Ms Mountfield in her able submissions on behalf of the Respondent relied on arguments considered and rejected by this Tribunal in Calder. She also referred to the decision of the Court of Appeal in Enderby v. Frenchay Health Authority [1992] IRLR 15 at paragraphs 58 and 59, and submitted that Calder and the decision in National Vulcan v. Wade [1978] IRLR 255, relied on in Calder could no longer be regarded as good law. However, Enderby was a case of indirect discrimination and could be distinguished on this basis, as the EAT did with other cases of indirect discrimination in Calder. Ms Mountfield further submitted that there was no basis for distinguishing between direct and indirect discrimination since these words do not even appear in the relevant part of the Act. Nor however, we observe, do the words "objective justification". As a matter purely of construction the word "genuinely", which appears before the words "material factor", suggests that the question is a subjective one. The concepts of direct and indirect discrimination are the mainstays of the Sex Discrimination Act 1975 and as Bridge LJ. (as he then was) said in E Coomes (Holdings) Ltd v. Shields [1978] IRLR 263 at P.269.
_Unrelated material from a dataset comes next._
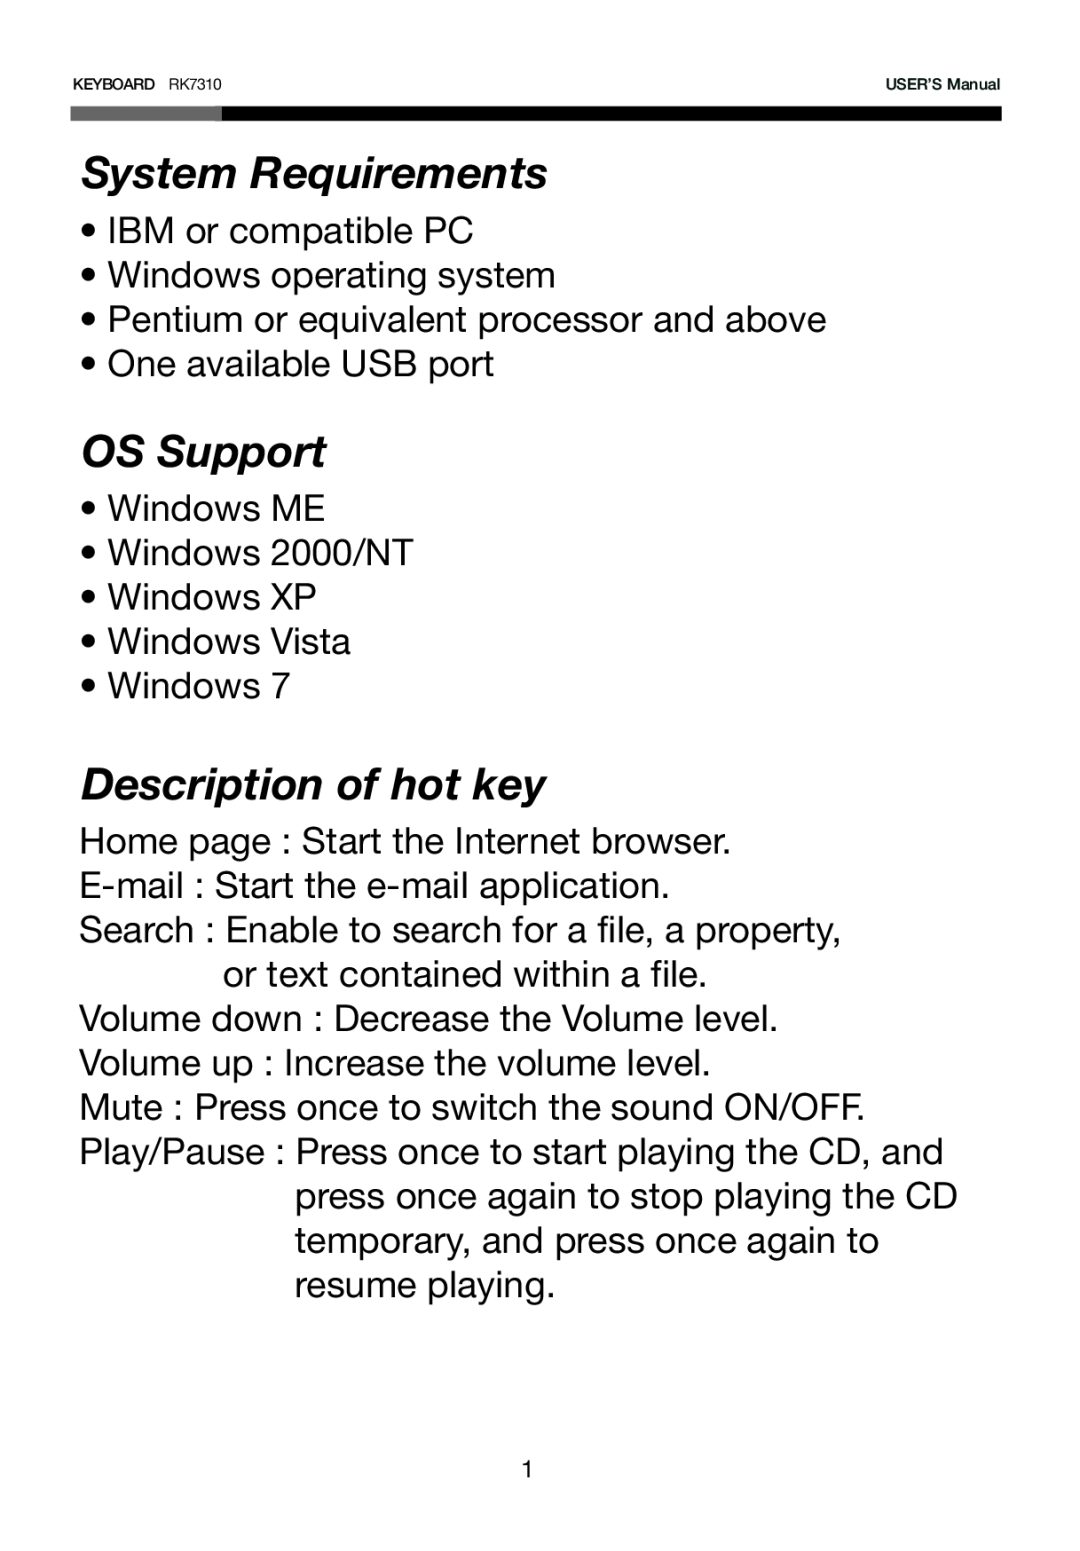 Rosewill RK-7310 user manual System Requirements, OS Support, Description of hot key

"In the sphere of employment the provisions of the Sex Discrimination Act and the Equal Pay Act aimed at eliminating discrimination on grounds of sex are closely interlocking and provide in effect a single comprehensive code."
There is therefore nothing wrong in principle in our view in distinguishing between direct and indirect discrimination when considering a material difference defence under S.1(3) of the Equal Pay Act 1970.
For these reasons we do not accept Ms Mountfield's submissions and gratefully follow the decision in Calder.
It follows that we think that the Industrial Tribunal erred in law in the approach which they adopted in this case. They do not in their reasoning set out and answer the McGregor questions, but we are satisfied that if they had done so and had properly directed themselves in law they would have answered both questions in favour of the Appellant. There was no evidence of intention to discriminate or of actual discrimination; indeed all the evidence was to the contrary. Ms Mountfield sought to persuade us that nevertheless the case should be remitted to enable this or another Industrial Tribunal to consider whether it was only because he was a man that Mr Ennis was treated in the way he was. There was no evidence to support any such suggestion in our view. The plain fact is that the difference occurred because of a mistake and not because of anything which was "tainted with gender-based discrimination".
For this reason we decided that this was an appropriate case to substitute our own conclusion based on a correct application of the law to the facts. That we have done.